In the decidua parietalis, a trend toward higher activated proportions of the general CD4⁺ memory cell population was found in EO‐PE compared to healthy pregnancies (P = .083; Figure 2B). Higher activated proportions of the Treg CD4⁺ CM (P = .0091), and the Treg CD4⁺ TRM (P = .047) cell populations were found in EO‐PE pregnancies compared to healthy pregnancies (Figure 2G,I). The total CD4⁺ cell (P = .017; not shown), the general CD4⁺ memory cell (P = .019), CD4⁺ CM cell (P = .0045), CD4⁺ EM cell (P = .039), Treg CD4⁺ memory cell (P = .047), Treg CD4⁺ CM cell (P = .021), and Treg CD4⁺ TRM cell (P = .041) populations, showed a higher activated proportion in EO‐PE pregnancies compared to LO‐PE pregnancies (Figure 2B‐G,I).

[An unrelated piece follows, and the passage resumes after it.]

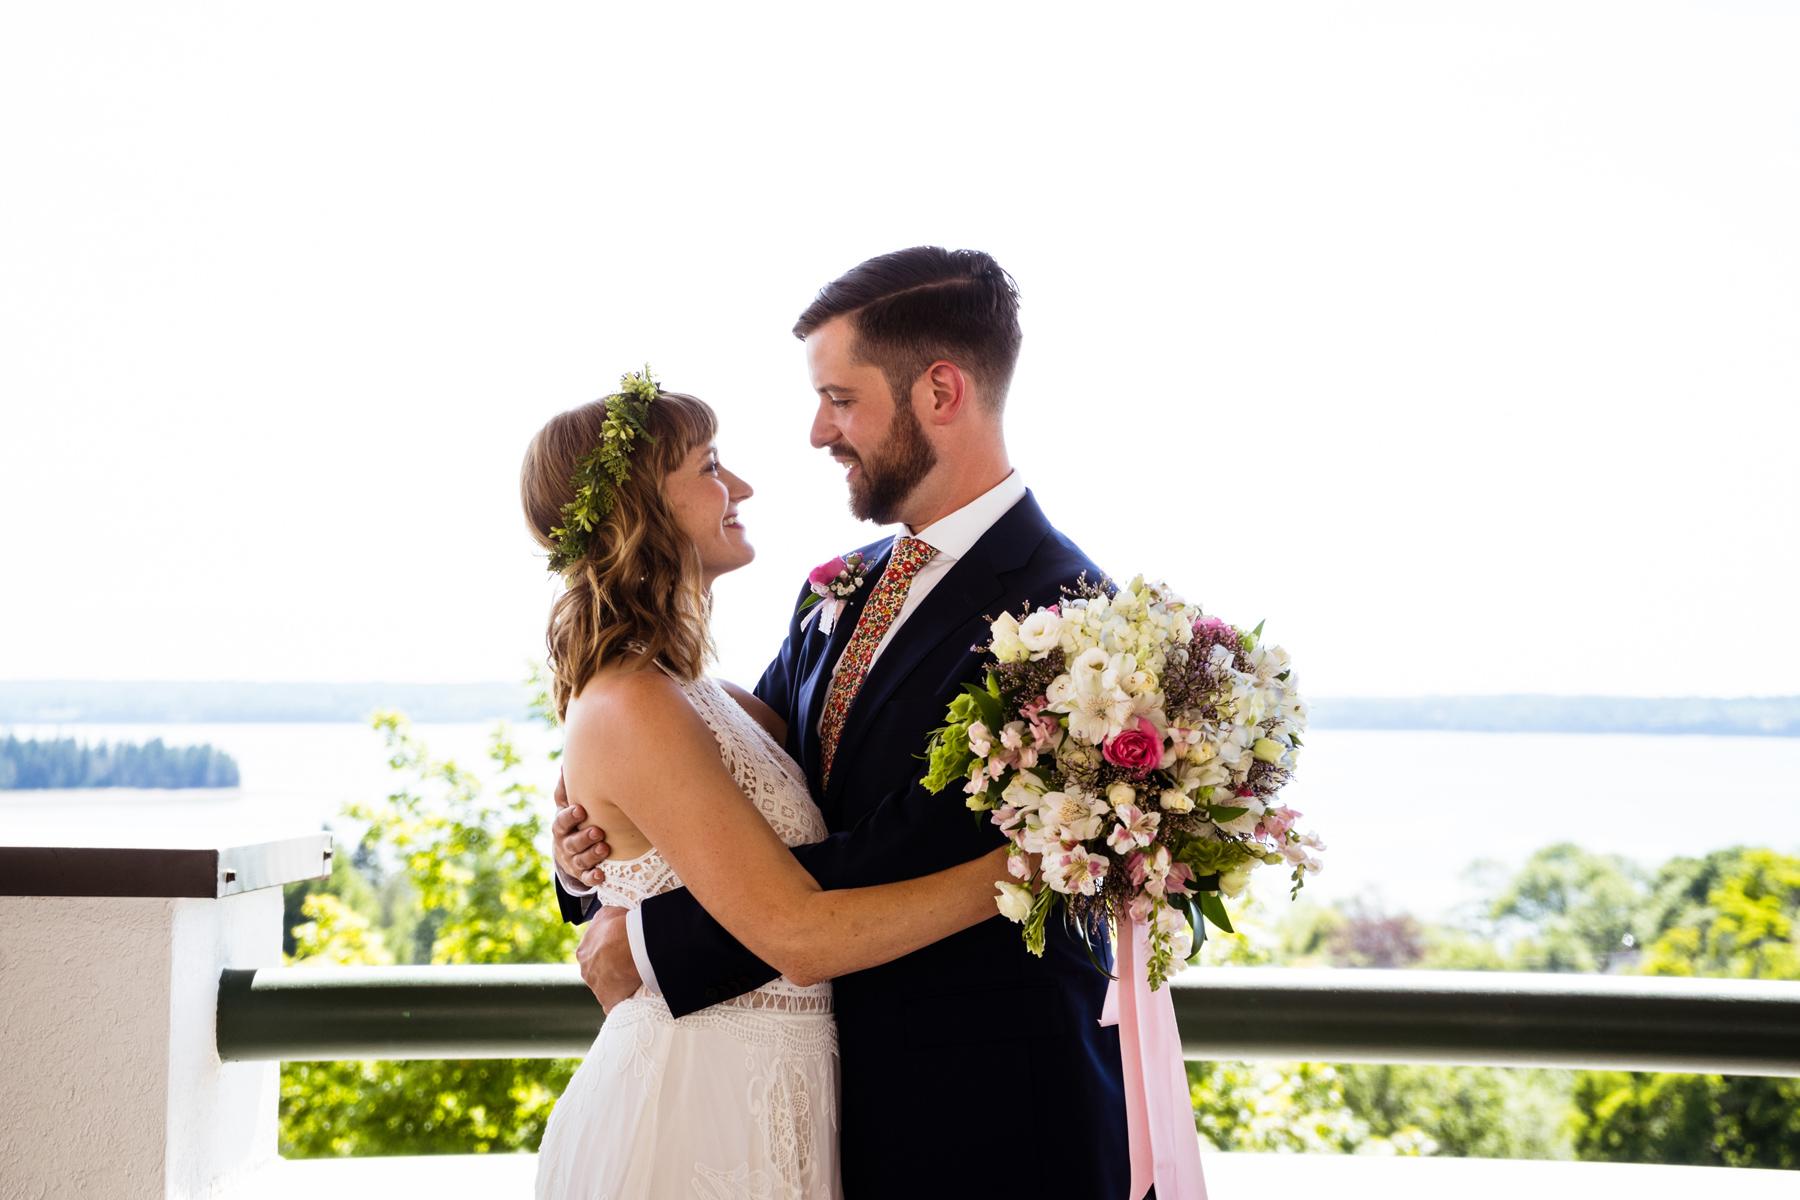 005-st-andrews-kingsbrae-gardens-wedding-photography-kandisebrown-gc2018

In the decidua basalis, lower activated proportions of the CD4⁺CD45RO⁺ memory cell population (P = .030) and the CD4⁺ EM cell population (P = .0014) were found in LO‐PE compared to healthy pregnancies (Figure 2B,D). In the CD4⁺ CM cell population (P = .0018 and P = .0078) and the TRM CD4⁺ memory cell population (P = .048 and P = .028), lower activated proportions were found in the decidua basalis from both preeclamptic groups (LO‐PE and EO‐PE, respectively) compared to the control group (Figure 2C,E). No differences in activation in the total CD4⁺ cell population and in any of the memory T‐cell subsets were found between the preeclampsia subtypes in the decidua basalis.

Comparing the decidua parietalis and basalis, lower activated proportions of all CD4⁺ memory cell subsets were found in EO‐PE in the decidua basalis compared to the decidua parietalis (P < .05; Figure 2).

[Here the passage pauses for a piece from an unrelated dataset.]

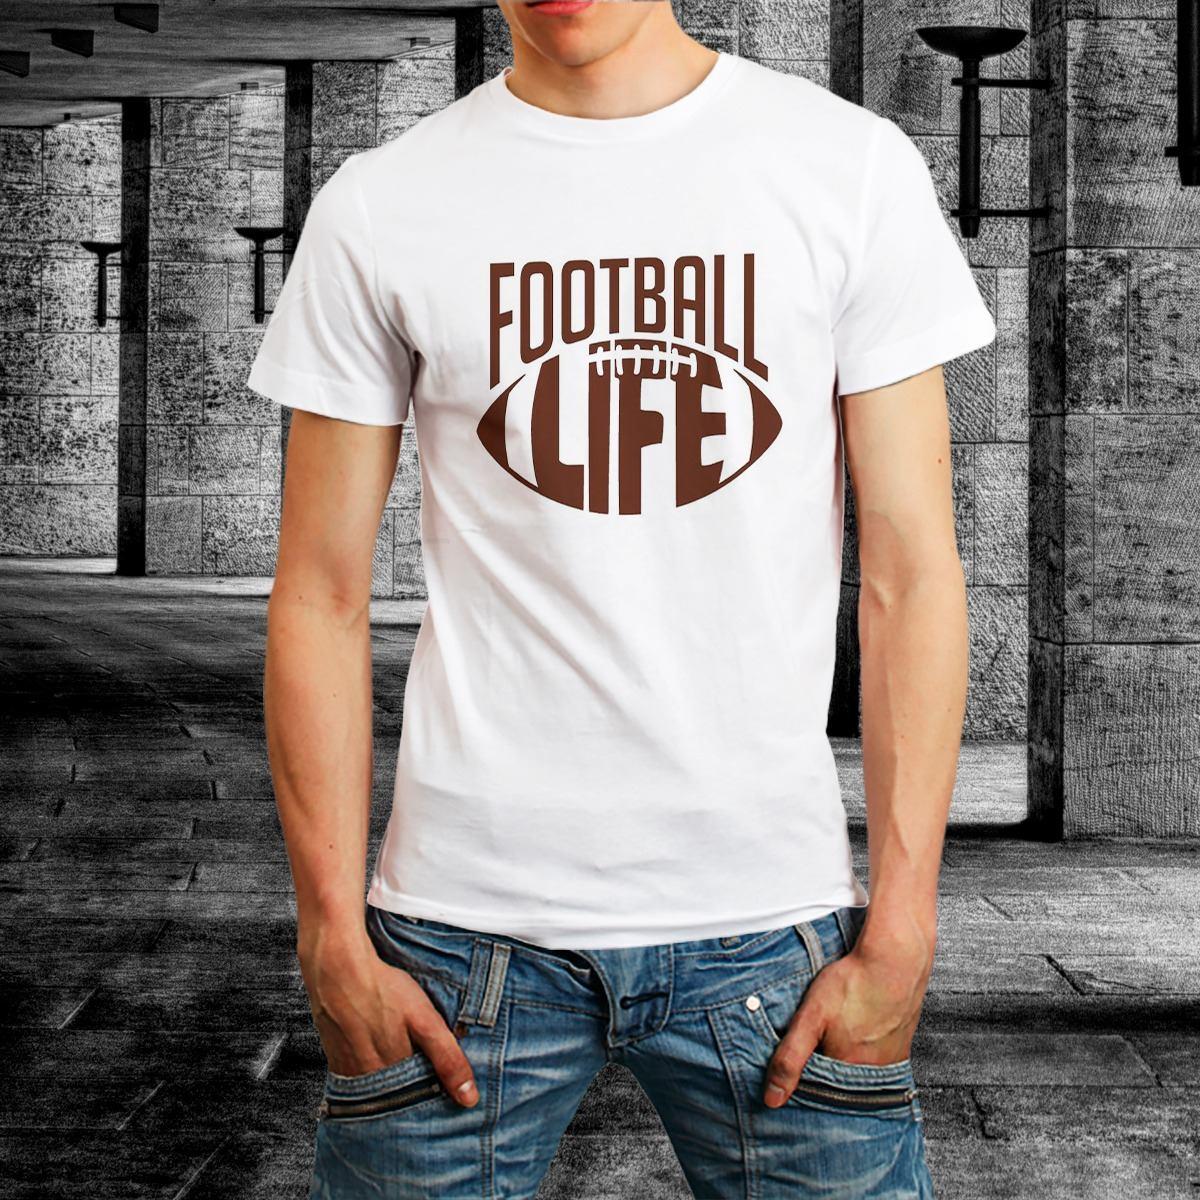 e8bdcd9638 camiseta futebol americano camisa football homem roupa. Carregando zoom.

3.4. Decidual CD8⁺ memory cell subsets in LO‐PE, EO‐PE, and healthy pregnancies

The general CD8⁺ memory cell population, the CD8⁺ CM cell population, the CD8⁺ EM cell population, and the CD8⁺ TRM cell population were analyzed by flow cytometry in the decidua basalis and decidua parietalis from LO‐PE, EO‐PE, and healthy pregnancies (Figure 3A,B, Figure S4).

In the decidua parietalis, the total CD8⁺ cell proportion of live lymphocytes did not significantly differ between the groups (Figure S3). The general CD8⁺ memory cell population (P = .013) and the CD8⁺ CM cell population (P = .0064) were lower in EO‐PE compared to healthy pregnancies in the decidua parietalis (Figure 3C,D). The general CD8⁺ memory cell population was also lower in LO‐PE compared to healthy pregnancies in the decidua parietalis (P = .034; Figure 3C). CD8⁺ EM cells showed a trend toward lower proportions in EO‐PE compared to healthy pregnancies in the decidua parietalis (P = .063; Figure 3E). No differences were observed between the groups in CD8⁺ TRM cell proportions in the decidua parietalis (Figure 3F). The preeclampsia subtypes had no effect on CD8⁺ memory cell proportions in the decidua parietalis.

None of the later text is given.